> **Brief**:
Produce as output only the lines below starting at the line with "Tarapur Atomic Power Station 4" and continuing through the line with "El líder del", each one exactly as written.

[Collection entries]

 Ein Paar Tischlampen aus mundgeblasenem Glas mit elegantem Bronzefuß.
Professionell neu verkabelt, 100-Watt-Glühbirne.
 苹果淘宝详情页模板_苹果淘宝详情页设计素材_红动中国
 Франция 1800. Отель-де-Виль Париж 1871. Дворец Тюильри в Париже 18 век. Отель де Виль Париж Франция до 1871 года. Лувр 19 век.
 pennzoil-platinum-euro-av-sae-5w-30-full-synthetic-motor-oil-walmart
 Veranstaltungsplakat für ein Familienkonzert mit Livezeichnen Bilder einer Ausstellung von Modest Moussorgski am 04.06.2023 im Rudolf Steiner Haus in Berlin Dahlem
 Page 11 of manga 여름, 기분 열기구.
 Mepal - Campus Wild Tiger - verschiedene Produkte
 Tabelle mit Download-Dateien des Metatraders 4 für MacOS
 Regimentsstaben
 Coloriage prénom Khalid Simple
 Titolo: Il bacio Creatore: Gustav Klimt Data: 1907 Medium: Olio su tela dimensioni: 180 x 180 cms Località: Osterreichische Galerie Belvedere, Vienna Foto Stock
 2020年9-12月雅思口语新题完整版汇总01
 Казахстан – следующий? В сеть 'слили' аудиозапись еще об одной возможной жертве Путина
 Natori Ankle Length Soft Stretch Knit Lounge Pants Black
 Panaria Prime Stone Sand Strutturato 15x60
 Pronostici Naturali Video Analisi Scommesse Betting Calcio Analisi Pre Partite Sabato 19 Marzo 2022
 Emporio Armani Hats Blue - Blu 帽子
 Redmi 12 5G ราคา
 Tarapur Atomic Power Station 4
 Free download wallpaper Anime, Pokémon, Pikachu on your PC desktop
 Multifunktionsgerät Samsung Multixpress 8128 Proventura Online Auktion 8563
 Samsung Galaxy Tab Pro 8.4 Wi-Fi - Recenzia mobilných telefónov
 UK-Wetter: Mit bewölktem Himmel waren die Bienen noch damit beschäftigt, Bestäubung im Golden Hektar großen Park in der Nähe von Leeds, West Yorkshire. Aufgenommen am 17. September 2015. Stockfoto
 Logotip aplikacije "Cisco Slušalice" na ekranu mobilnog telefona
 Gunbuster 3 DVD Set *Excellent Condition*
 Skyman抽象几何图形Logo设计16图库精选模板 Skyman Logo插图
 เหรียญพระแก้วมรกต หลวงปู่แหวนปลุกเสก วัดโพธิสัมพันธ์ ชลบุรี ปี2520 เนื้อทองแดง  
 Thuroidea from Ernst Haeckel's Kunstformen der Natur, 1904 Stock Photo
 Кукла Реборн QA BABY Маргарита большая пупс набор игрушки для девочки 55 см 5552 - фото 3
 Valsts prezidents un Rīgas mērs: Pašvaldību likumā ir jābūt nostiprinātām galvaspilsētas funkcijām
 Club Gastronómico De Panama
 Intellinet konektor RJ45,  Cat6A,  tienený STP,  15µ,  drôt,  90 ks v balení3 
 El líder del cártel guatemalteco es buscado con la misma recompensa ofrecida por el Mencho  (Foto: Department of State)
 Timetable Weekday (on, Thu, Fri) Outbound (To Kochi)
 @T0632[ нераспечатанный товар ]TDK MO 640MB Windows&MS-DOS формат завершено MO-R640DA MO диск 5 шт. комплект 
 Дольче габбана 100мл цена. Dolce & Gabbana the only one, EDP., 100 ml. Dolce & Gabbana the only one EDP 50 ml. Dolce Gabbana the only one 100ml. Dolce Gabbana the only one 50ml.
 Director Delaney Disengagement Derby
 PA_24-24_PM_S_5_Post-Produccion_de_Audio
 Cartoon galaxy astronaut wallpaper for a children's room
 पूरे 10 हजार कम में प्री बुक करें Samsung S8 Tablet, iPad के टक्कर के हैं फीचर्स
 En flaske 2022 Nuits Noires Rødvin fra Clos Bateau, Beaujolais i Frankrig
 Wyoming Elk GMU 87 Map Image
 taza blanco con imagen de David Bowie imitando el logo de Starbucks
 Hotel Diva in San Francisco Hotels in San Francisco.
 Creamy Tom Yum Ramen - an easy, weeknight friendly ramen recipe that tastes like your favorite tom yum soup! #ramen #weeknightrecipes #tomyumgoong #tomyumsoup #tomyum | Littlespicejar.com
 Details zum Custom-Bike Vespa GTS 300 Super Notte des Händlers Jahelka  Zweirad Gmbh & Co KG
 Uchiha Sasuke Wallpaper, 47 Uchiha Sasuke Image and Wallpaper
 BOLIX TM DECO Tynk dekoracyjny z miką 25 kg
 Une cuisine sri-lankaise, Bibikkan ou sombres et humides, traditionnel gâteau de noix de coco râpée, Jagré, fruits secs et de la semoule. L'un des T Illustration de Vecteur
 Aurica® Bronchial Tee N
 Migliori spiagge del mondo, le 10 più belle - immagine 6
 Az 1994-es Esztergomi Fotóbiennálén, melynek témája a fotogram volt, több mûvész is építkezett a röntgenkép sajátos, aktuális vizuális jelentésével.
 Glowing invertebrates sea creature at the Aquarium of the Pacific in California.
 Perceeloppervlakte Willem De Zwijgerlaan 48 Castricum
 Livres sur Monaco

> **Answer to this problem**:
 Tarapur Atomic Power Station 4
 Free download wallpaper Anime, Pokémon, Pikachu on your PC desktop
 Multifunktionsgerät Samsung Multixpress 8128 Proventura Online Auktion 8563
 Samsung Galaxy Tab Pro 8.4 Wi-Fi - Recenzia mobilných telefónov
 UK-Wetter: Mit bewölktem Himmel waren die Bienen noch damit beschäftigt, Bestäubung im Golden Hektar großen Park in der Nähe von Leeds, West Yorkshire. Aufgenommen am 17. September 2015. Stockfoto
 Logotip aplikacije "Cisco Slušalice" na ekranu mobilnog telefona
 Gunbuster 3 DVD Set *Excellent Condition*
 Skyman抽象几何图形Logo设计16图库精选模板 Skyman Logo插图
 เหรียญพระแก้วมรกต หลวงปู่แหวนปลุกเสก วัดโพธิสัมพันธ์ ชลบุรี ปี2520 เนื้อทองแดง  
 Thuroidea from Ernst Haeckel's Kunstformen der Natur, 1904 Stock Photo
 Кукла Реборн QA BABY Маргарита большая пупс набор игрушки для девочки 55 см 5552 - фото 3
 Valsts prezidents un Rīgas mērs: Pašvaldību likumā ir jābūt nostiprinātām galvaspilsētas funkcijām
 Club Gastronómico De Panama
 Intellinet konektor RJ45,  Cat6A,  tienený STP,  15µ,  drôt,  90 ks v balení3 
 El líder del cártel guatemalteco es buscado con la misma recompensa ofrecida por el Mencho  (Foto: Department of State)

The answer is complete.